Any waiver by a Party hereunder must be made in writing, and failure at any time to require its performance of any obligation under this Agreement shall not affect the Party’s right to subsequently require performance of that obligation. 

XIII.    Severability and Amendment. 

If any particular provision of this Agreement is determined to be invalid or unenforceable, that determination will not affect the other provisions of this Agreement, which will be construed in all respects as if the invalid or unenforceable provision were omitted.

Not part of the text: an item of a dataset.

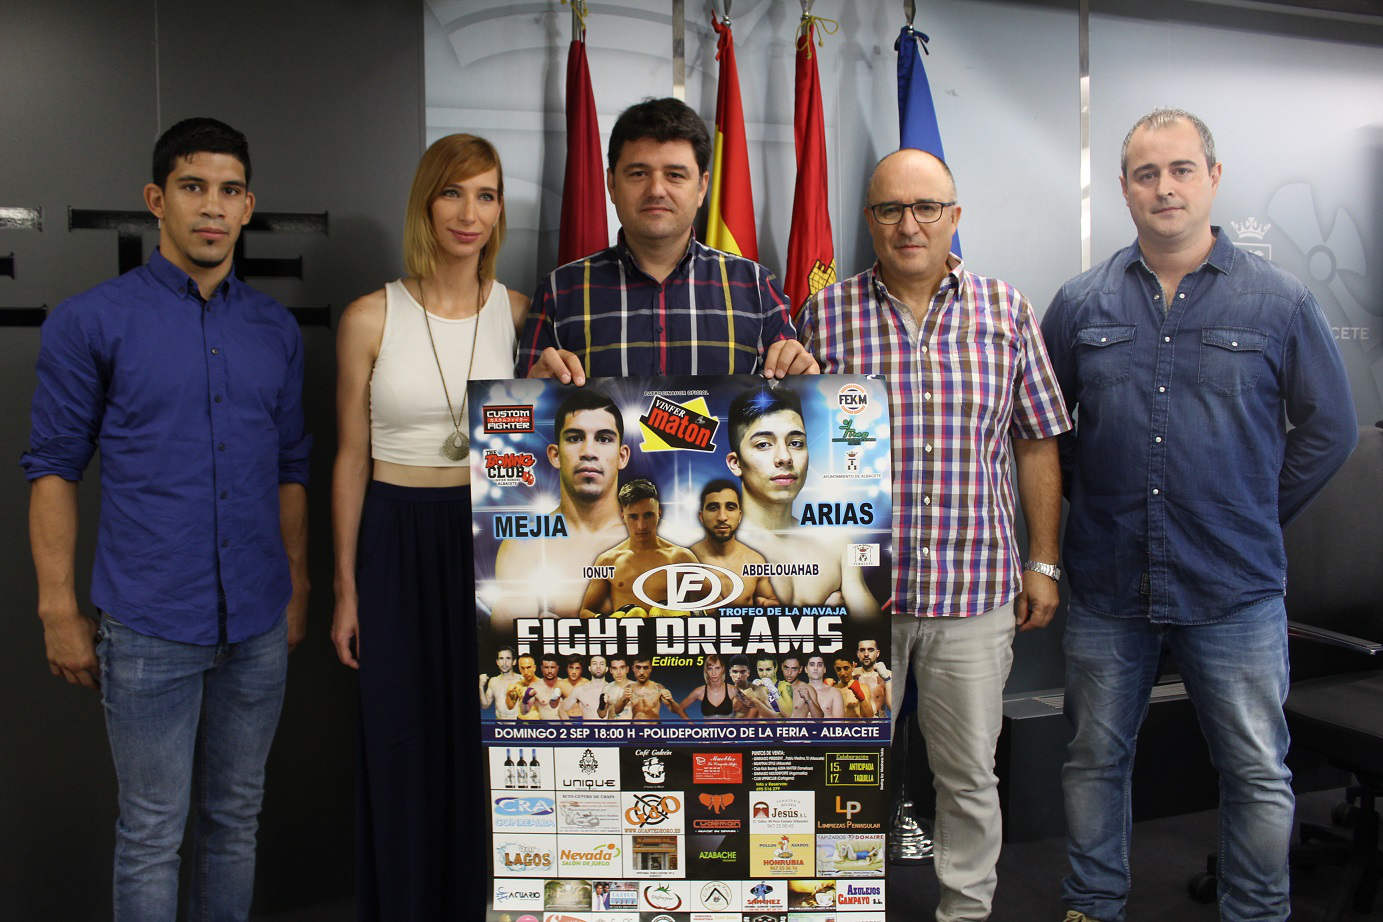 Trofeo Internacional de Kick Boxing La Navaja

No extension, modification, or amendment of this Agreement will be effective unless it is described in writing and signed by the Parties. 

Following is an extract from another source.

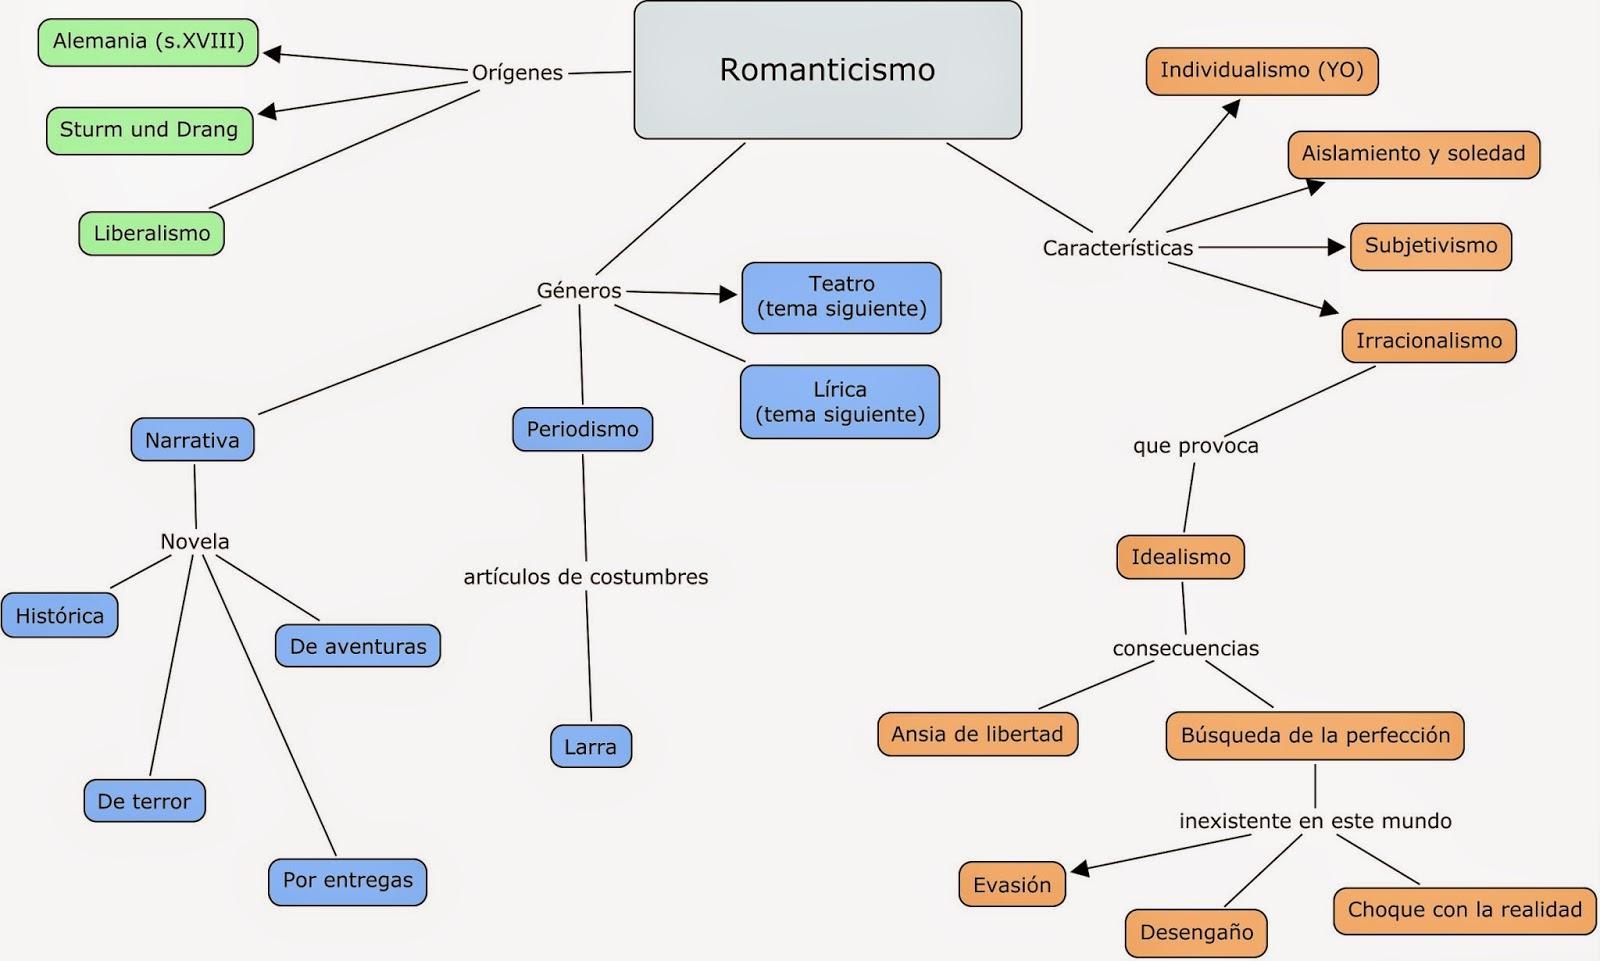 Movimiento Literario Image Mag : romanticismo1 from imagemag.ru size 1600 x 961 jpeg 153kB

XIV.    Publicity and Trademarks. 

During the term of this Agreement, Velosimo shall not publicly disclose its ongoing business relationship with Customer materials without prior, written authorization. 

  1. Confidentiality

Each party (a) shall treat as confidential all Confidential Information of the other party; (b) shall not disclose such Confidential Information to any third party, except on a “need to know” basis to third parties that have signed a non-disclosure agreement containing substantially the terms of this Agreement; and (c) shall not use such Confidential Information except in connection with performing its obligations or exercising its rights under this Agreement. 

Exceptions. Confidential Information will not include any information which (i) was publicly known and made generally available prior to the time of disclosure by the disclosing party; (ii) becomes publicly known and made generally available after disclosure by the disclosing party to the receiving party through no action or inaction of the receiving party; (iii) is already in the possession of the receiving party at the time of disclosure; (iv) is obtained by the receiving party from a third party without a breach of such third party’s obligations of confidentiality; (v) is independently developed by the receiving party without use of or reference to the disclosing party’s Confidential Information; or (vi) is required by law to be disclosed by the receiving party, provided that the receiving party gives the disclosing party prompt written notice of such requirement prior to such disclosure and assistance in obtaining an order protecting the information from public disclosure.